Norwegian and Danish scientists have used machine learning to identify risk factors for suicide attempts among young people.
The study analysed data from 173,664 Norwegian adolescents aged 13 to 18, 4.65% of whom had attempted suicide in the previous 12 months.
According to Milan Obaidi, Associate Professor at the Department of Psychology at the University of Copenhagen, “recent self-harm is the most important indication of risk for suicide attempts.” In addition, five other risk factors were identified: internalizing problems such as anxiety and depression, sleep problems, eating disorders, pessimism about future prospects, and victimization.
With a sensitivity and specificity of 90.1 percent, the researchers’ model performed significantly better than other algorithms. It is the most accurate of its kind to date and can identify young people at risk better than other models.
Researchers call for a holistic approach
“It is crucial to identify the life circumstances that increase suicide risk among young people. Unfortunately, current methods for estimating risk factors are close to useless – thus, authorities cannot identify the people who are at risk,” emphasizes Obaidi.
According to the researcher, a holistic approach is needed to stop the alarming rise in suicide attempts among young people. “You need to examine both risks and protective factors across many individual, psychological sociological, and environmental domains.”

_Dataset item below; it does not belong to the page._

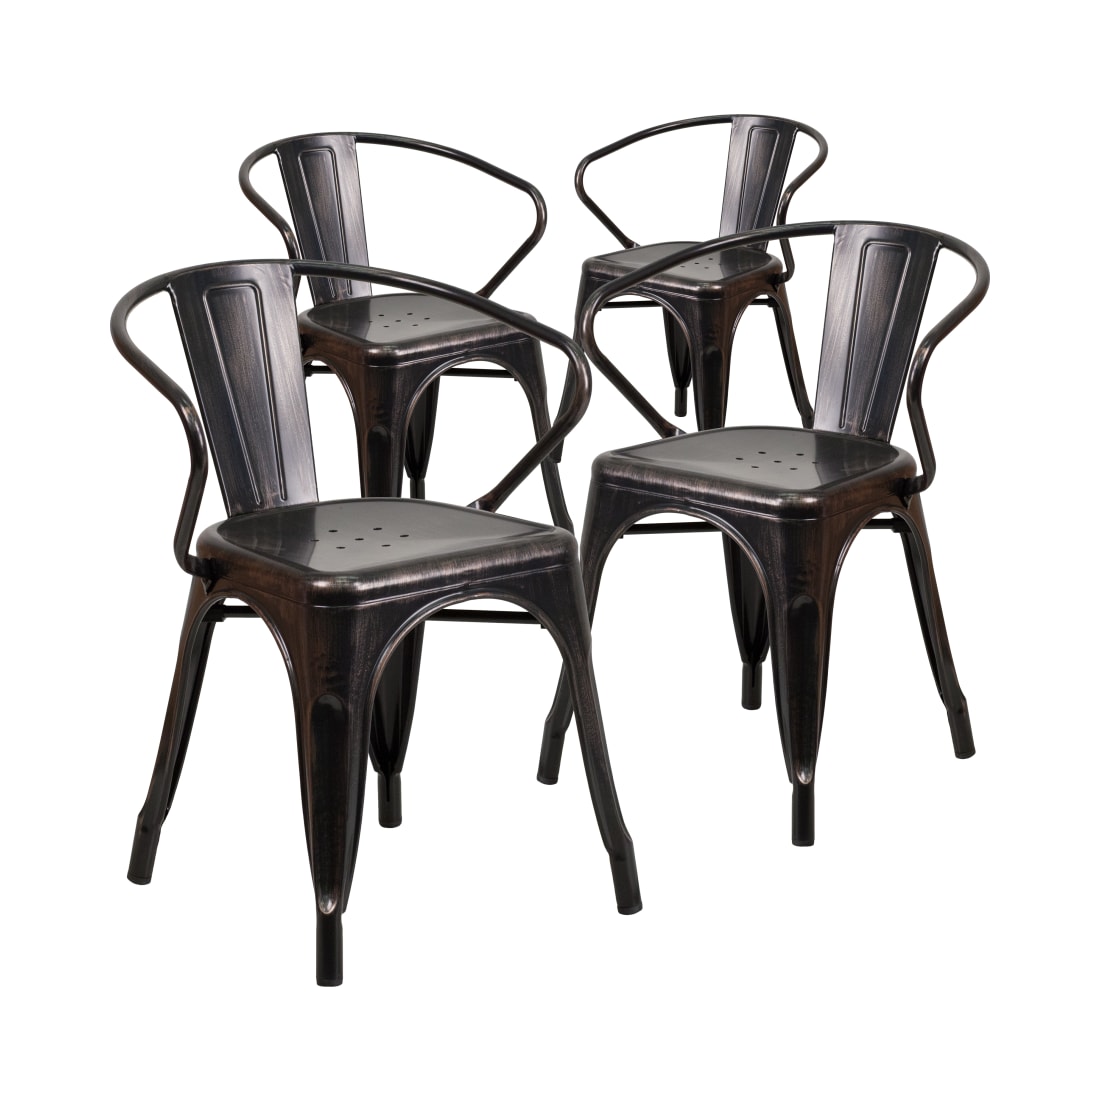 4 Pack Black-Antique Gold Metal Indoor-Outdoor Chair with Arms
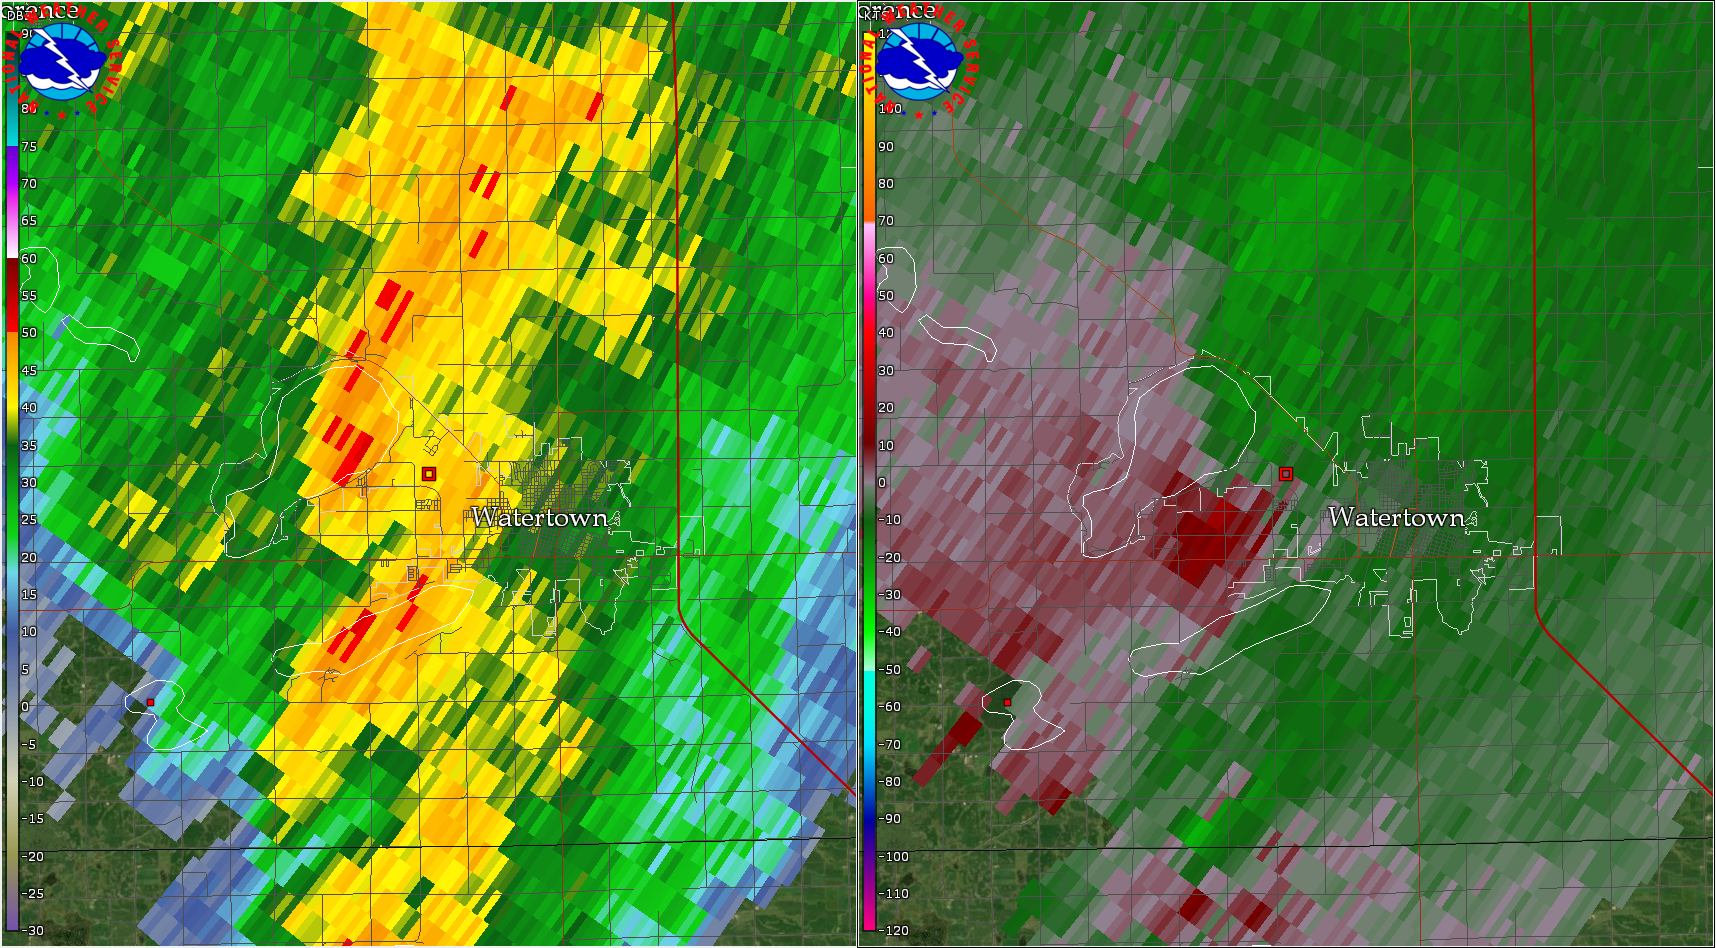 KABR radar imagery at 3:31 PM CDT shortly before the tornado occurred

The results showed that the risk of attempting suicide in adolescents is not simply the sum of various social, economic, and psychological pressures, but rather takes place in intra- and interpersonal processes, they said. These are both “dynamic and specific, relating to internalizing problems, lack of optimism regarding future education and career, interpersonal conflicts with significant others, victimization experiences, as well as somatization and acting out tendencies.”